Een vriendin had me uitgenodigd een paar dagen bij haar in het nieuwe huis, een opknappertje, door te brengen. Zaterdagmorgen werd ik in de startblokken wakker. Ik wilde me nuttig maken en zag duizend en één klusjes. Mijn vriendin had langer nodig om wakker te worden. Bij te komen van de week ervoor. Intussen was ik zachtjes begonnen met schoonmaken om de korte tijd die ik daar had volledig te gebruiken. Tegelijkertijd voelde ik ergernis opkruipen. Ik wilde overleggen en samen de hut aanpakken.

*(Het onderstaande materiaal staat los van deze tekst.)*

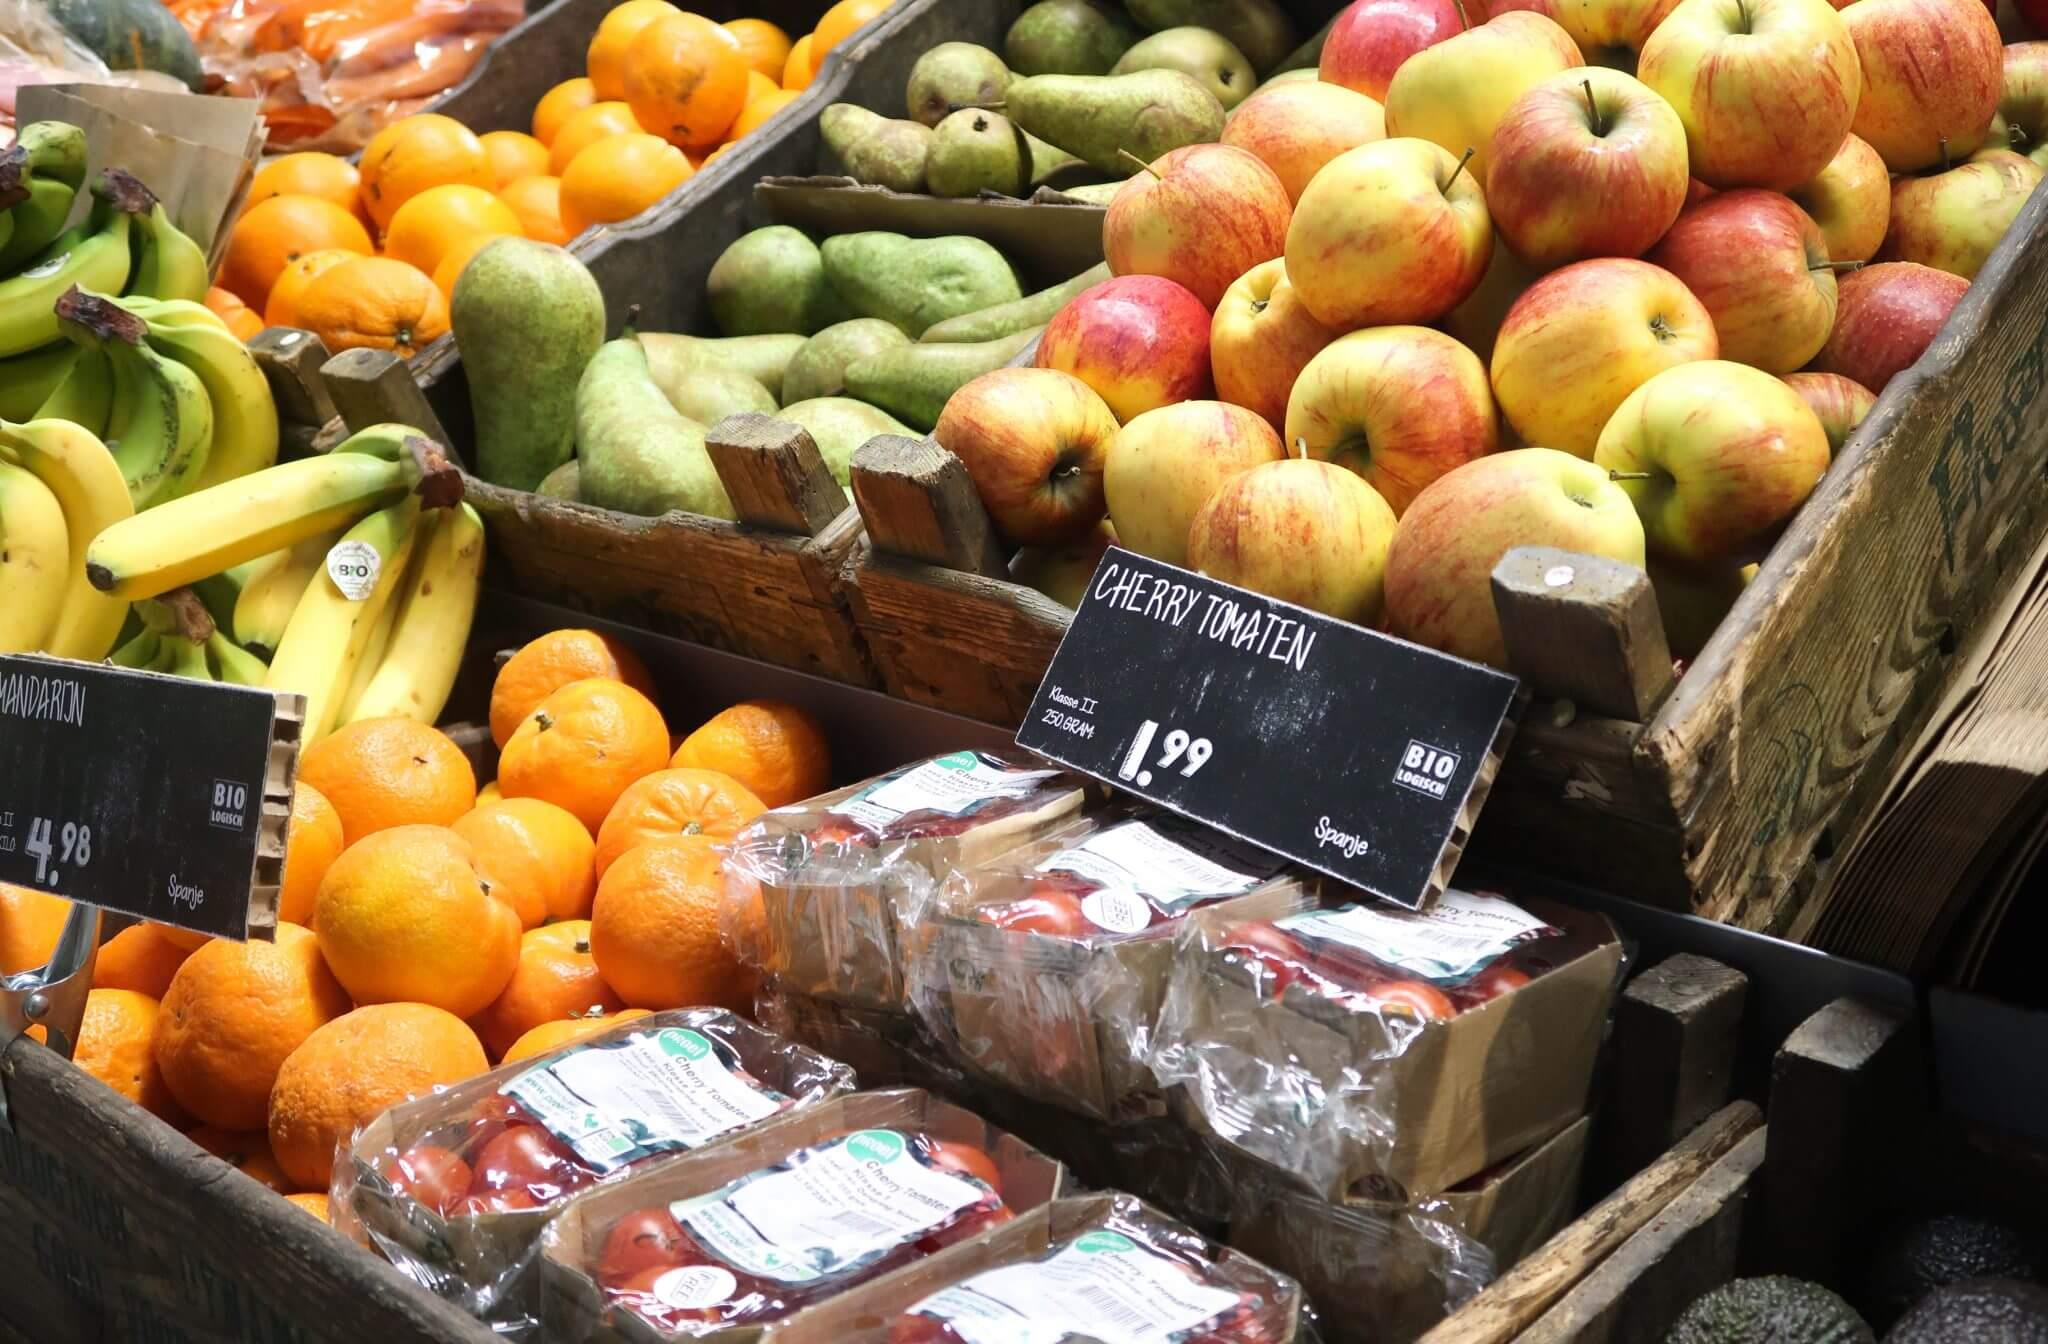 ekoplaza-plasticvrije-supermarkt (1 van 1)
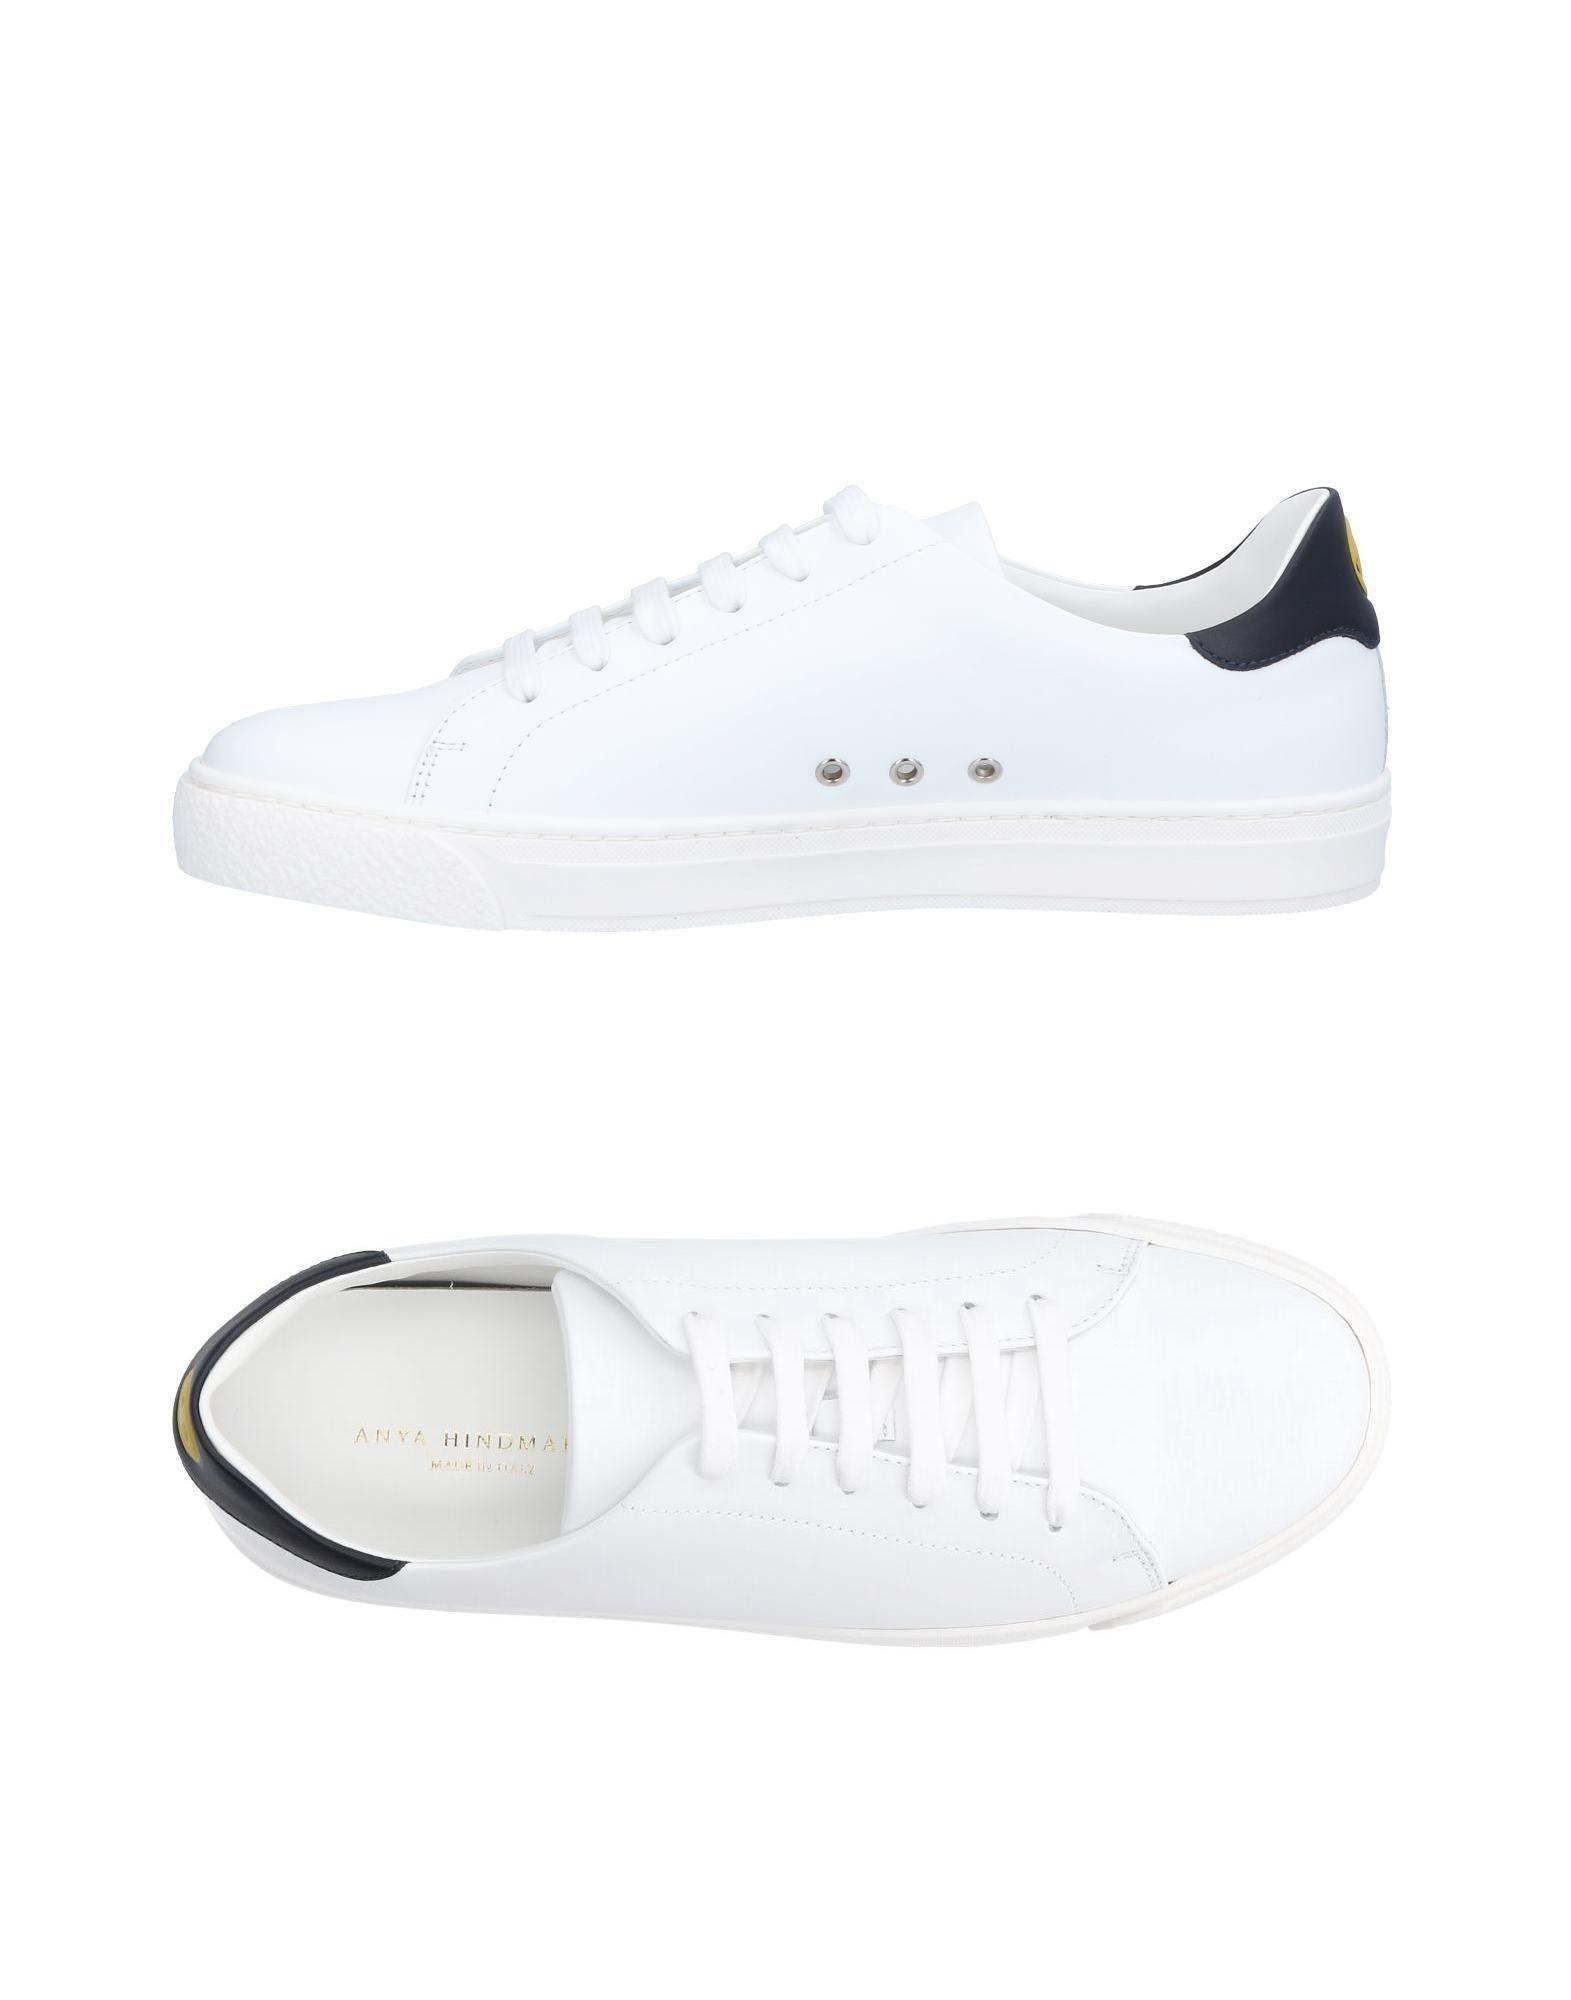 Anya Hindmarch Sneakers Damen  11463544DHGut aussehende aussehende aussehende strapazierfähige Schuhe 489594

Ik herkende mijn actiegerichtheid en voelde dat die overging in gejaagdheid. En wist dat het dan niet gezellig is in mijn buurt. Mijn vriendin voelde dat ook en sprak me erop aan. Ze wilde lekker samen zijn en alles wat we deden was meegenomen. Ik had al een waslijst van klusjes in mijn hoofd die zeker af moesten. En liever nog een paar meer. En waarom? Wie wilde ik wat bewijzen? Ik kon de vraag niet beantwoorden.
De vlucht vooruit zit diep in me. Gehaast in de eerste versnelling. Een overlevingsstrategie. Toen ik terugging naar wat echt belangrijk was, namelijk onze vriendschap, konden we de rest van de dagen met een lager toerental echt samen werken. Vriendschap is één van de 6 meta doelen.